▸ **ASSIGNMENT**: Leaving out the images, reproduce every line of the data that follows exactly.

▸ **PROVIDED MATERIAL**:
- - - - - - -
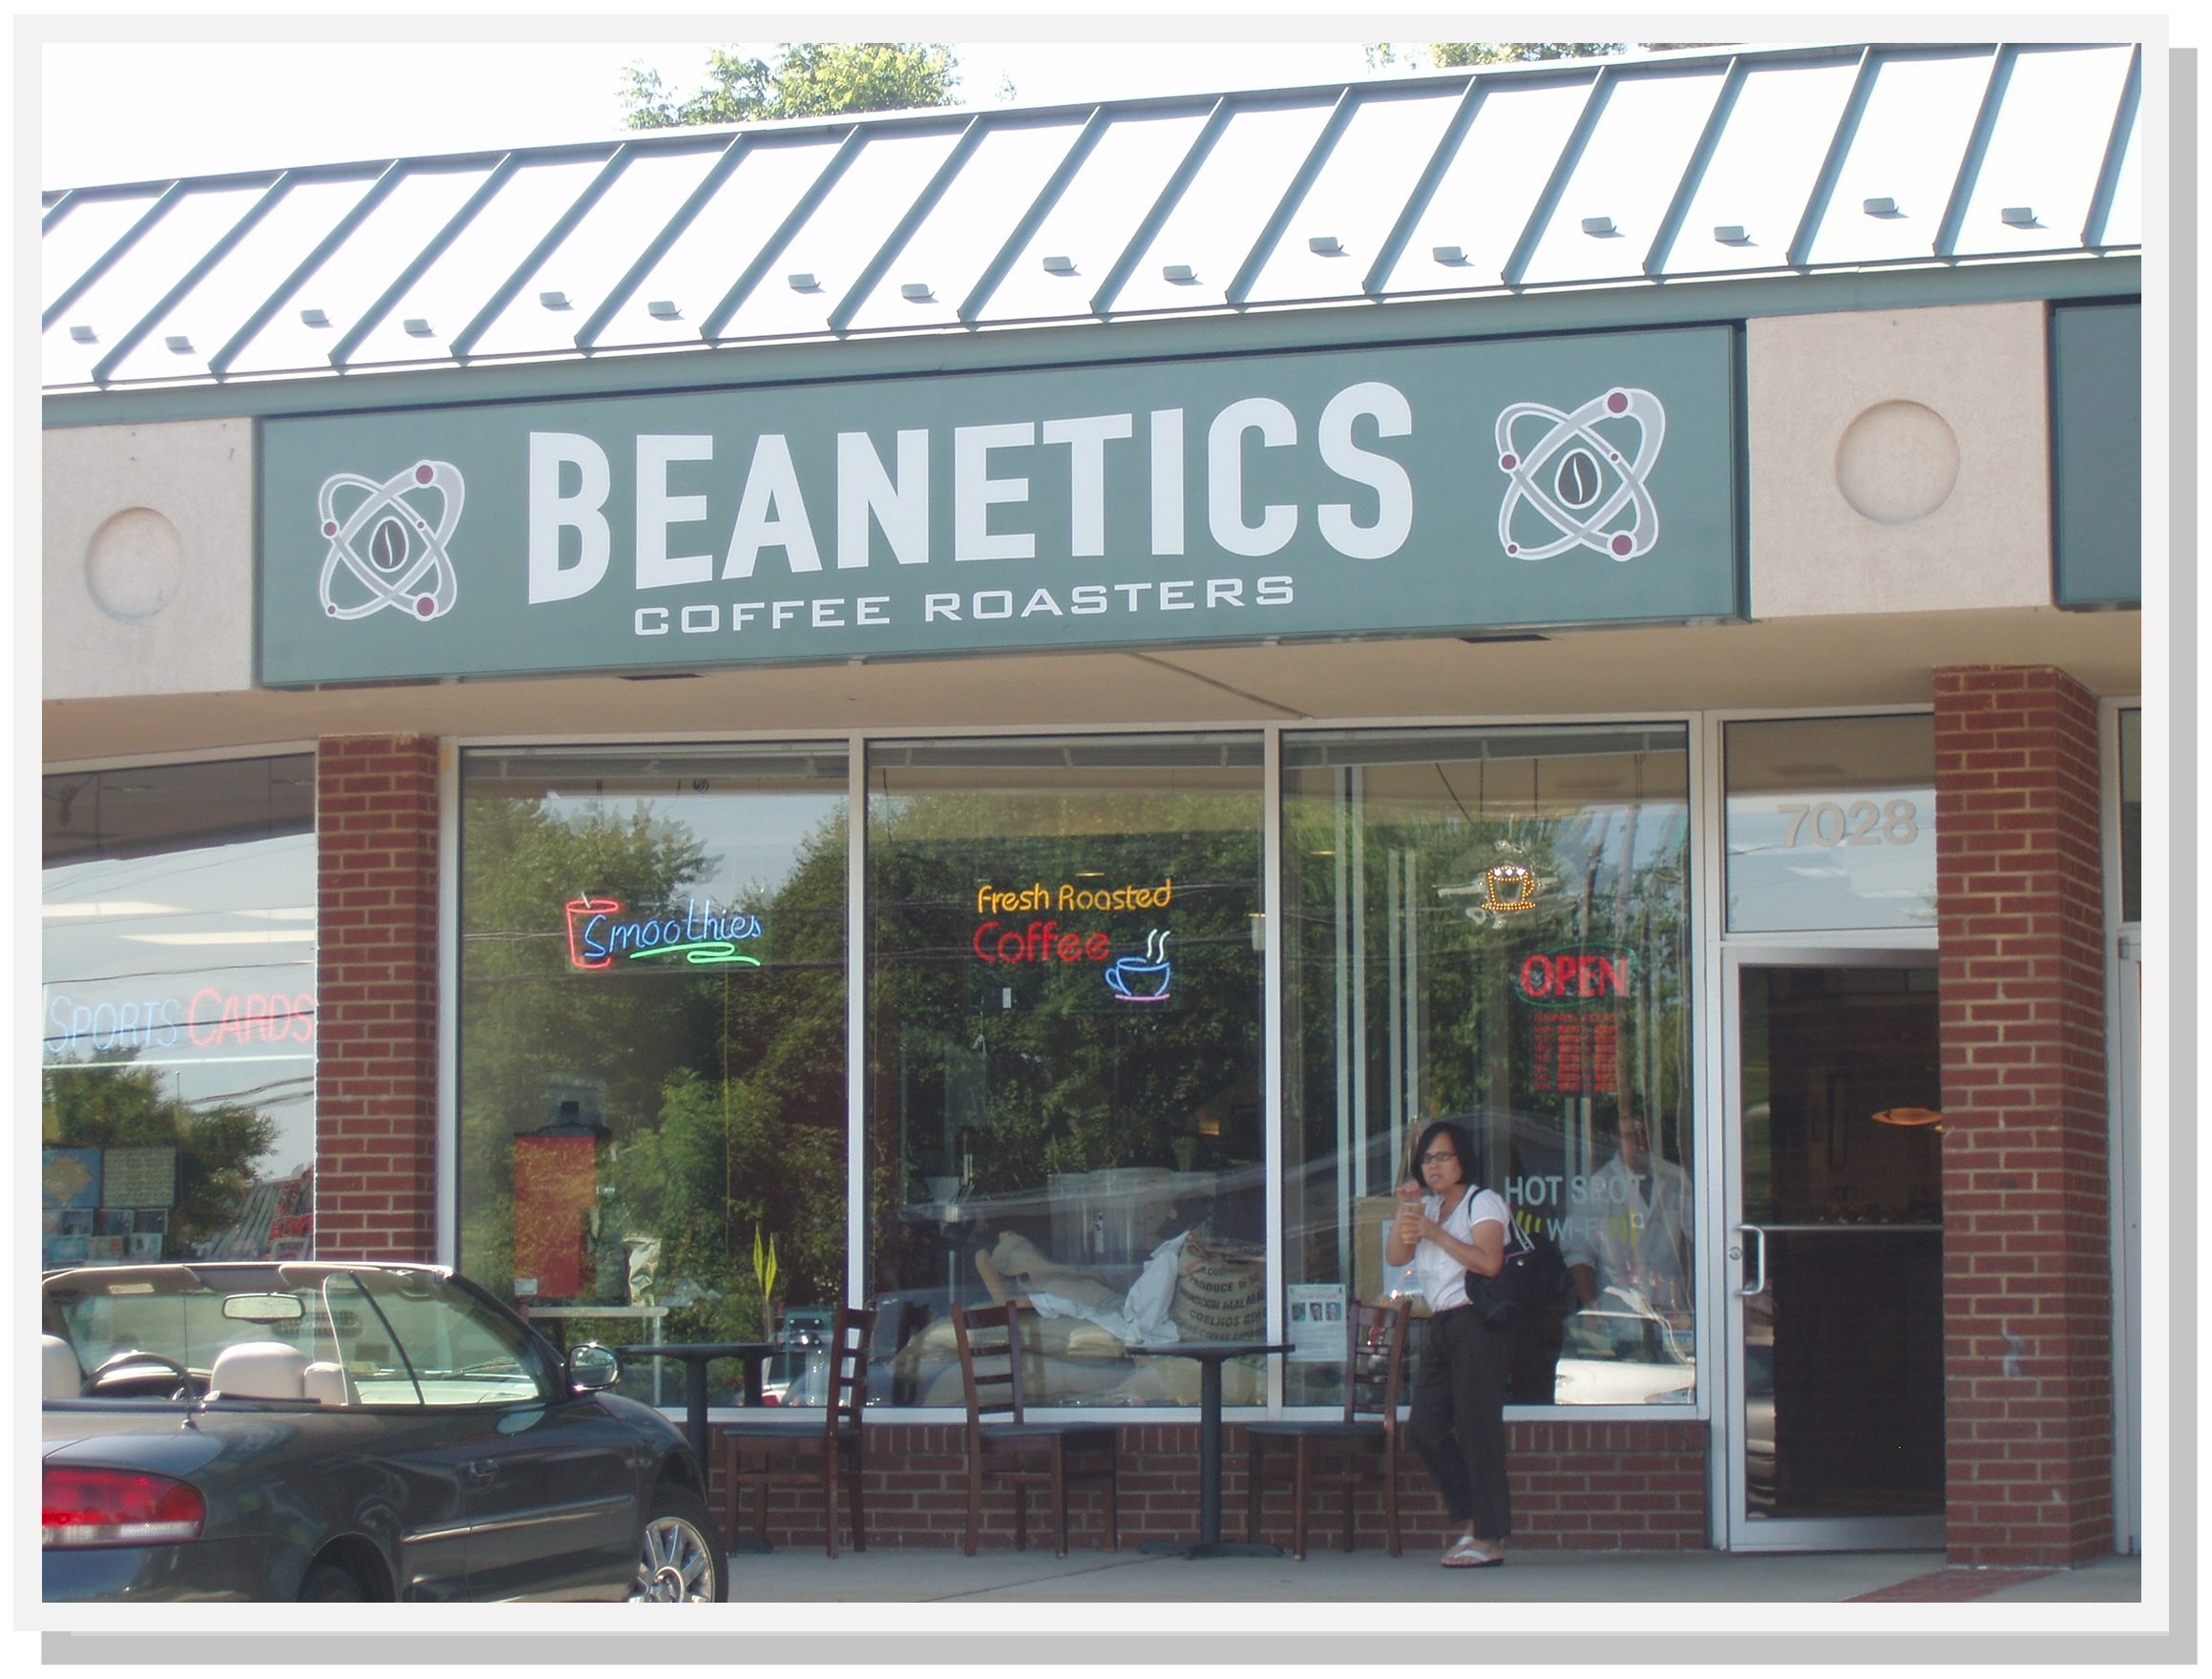 Beanetics Coffee Roasters at the ASC
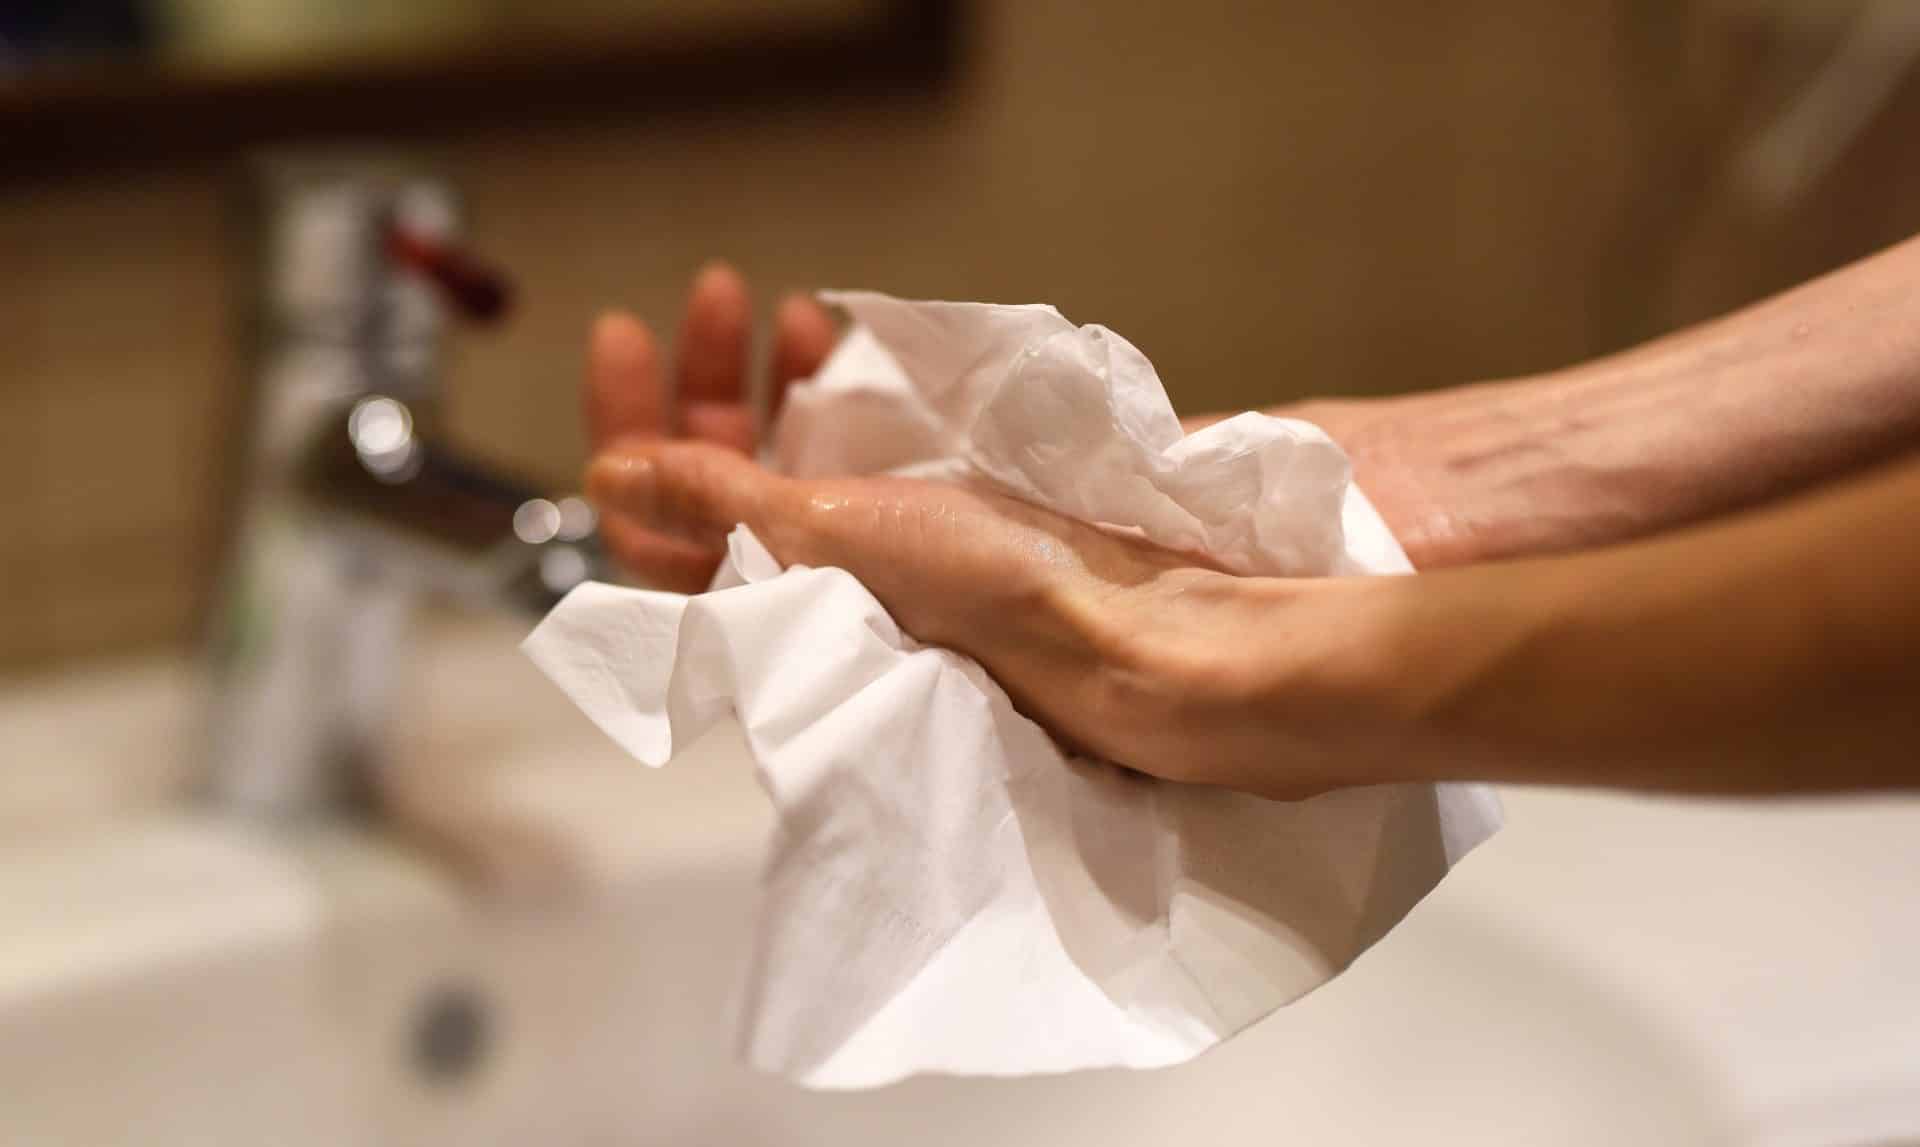 drying hands with a paper towel
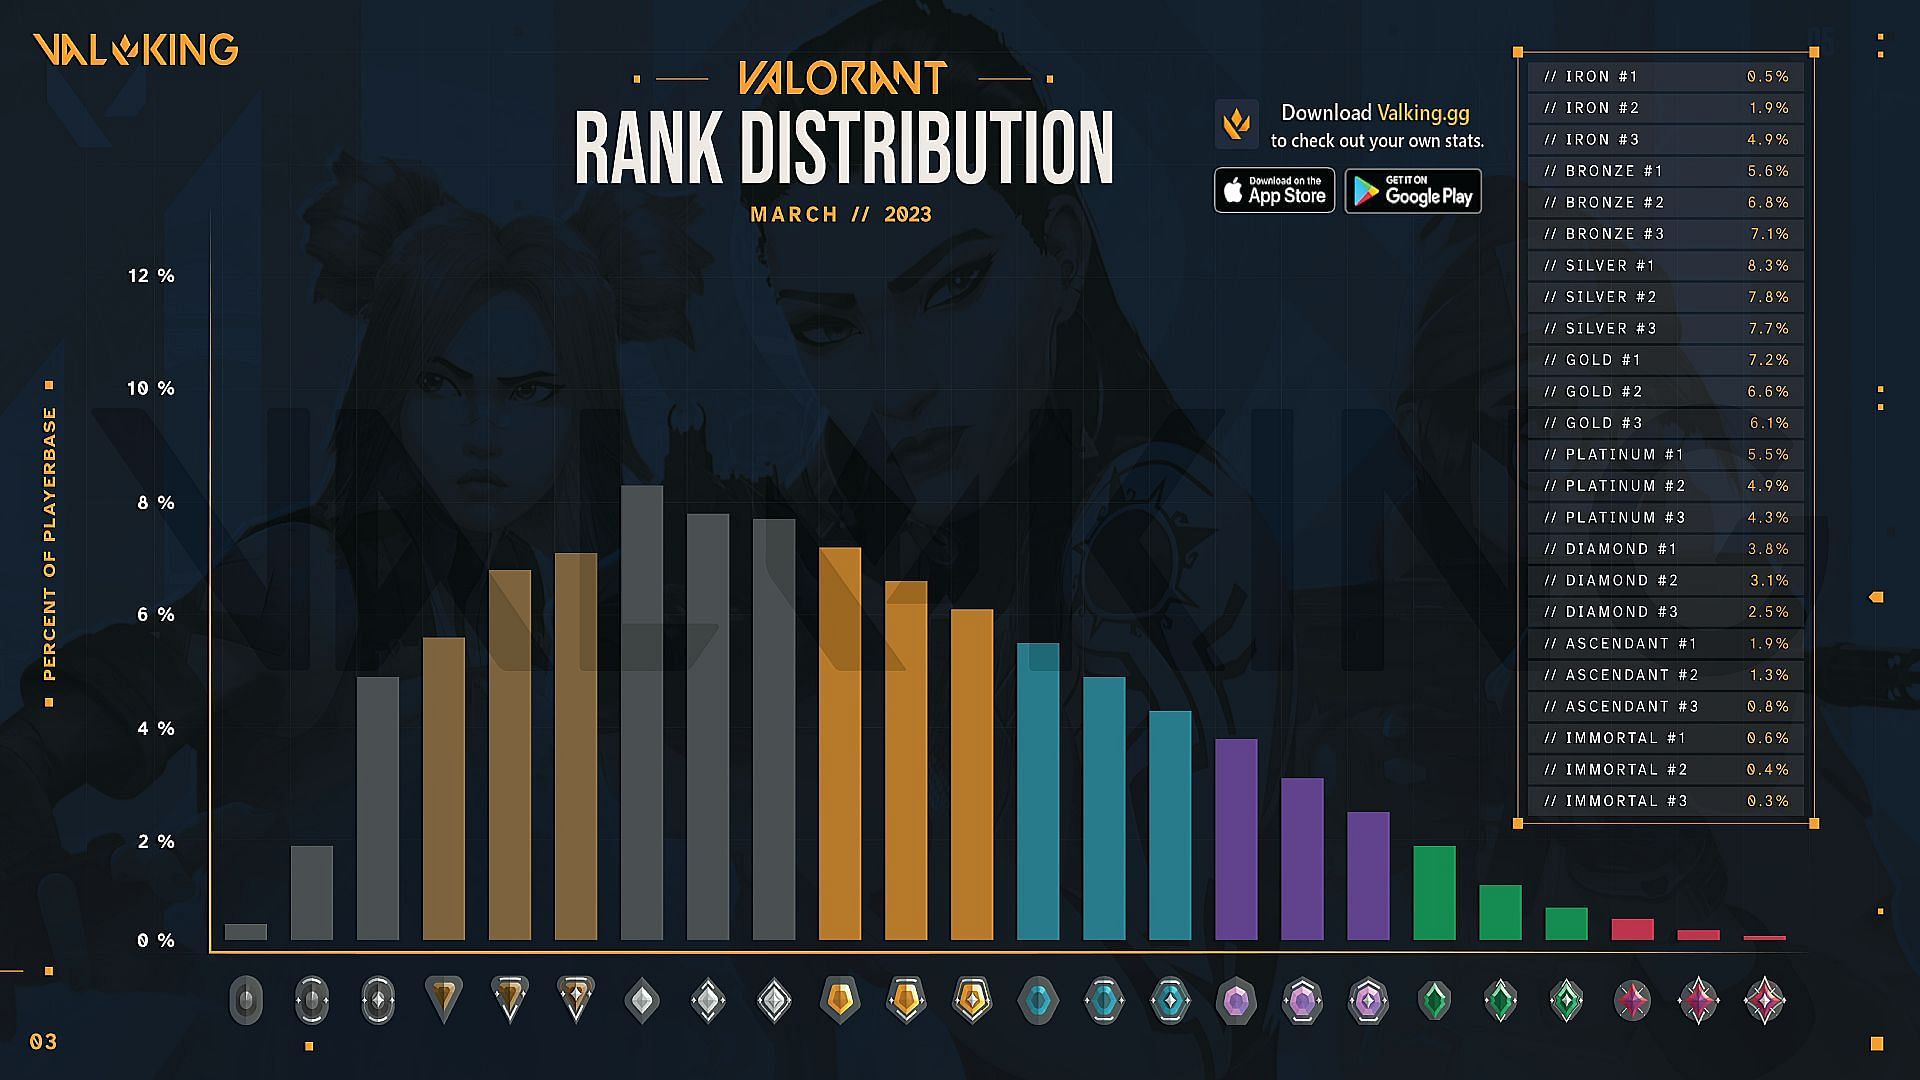 What is Valorant's rank distribution as of March 2023?
- - - - - - -
▸ **SOLUTION**:
 Beanetics Coffee Roasters at the ASC
 drying hands with a paper towel
 What is Valorant's rank distribution as of March 2023?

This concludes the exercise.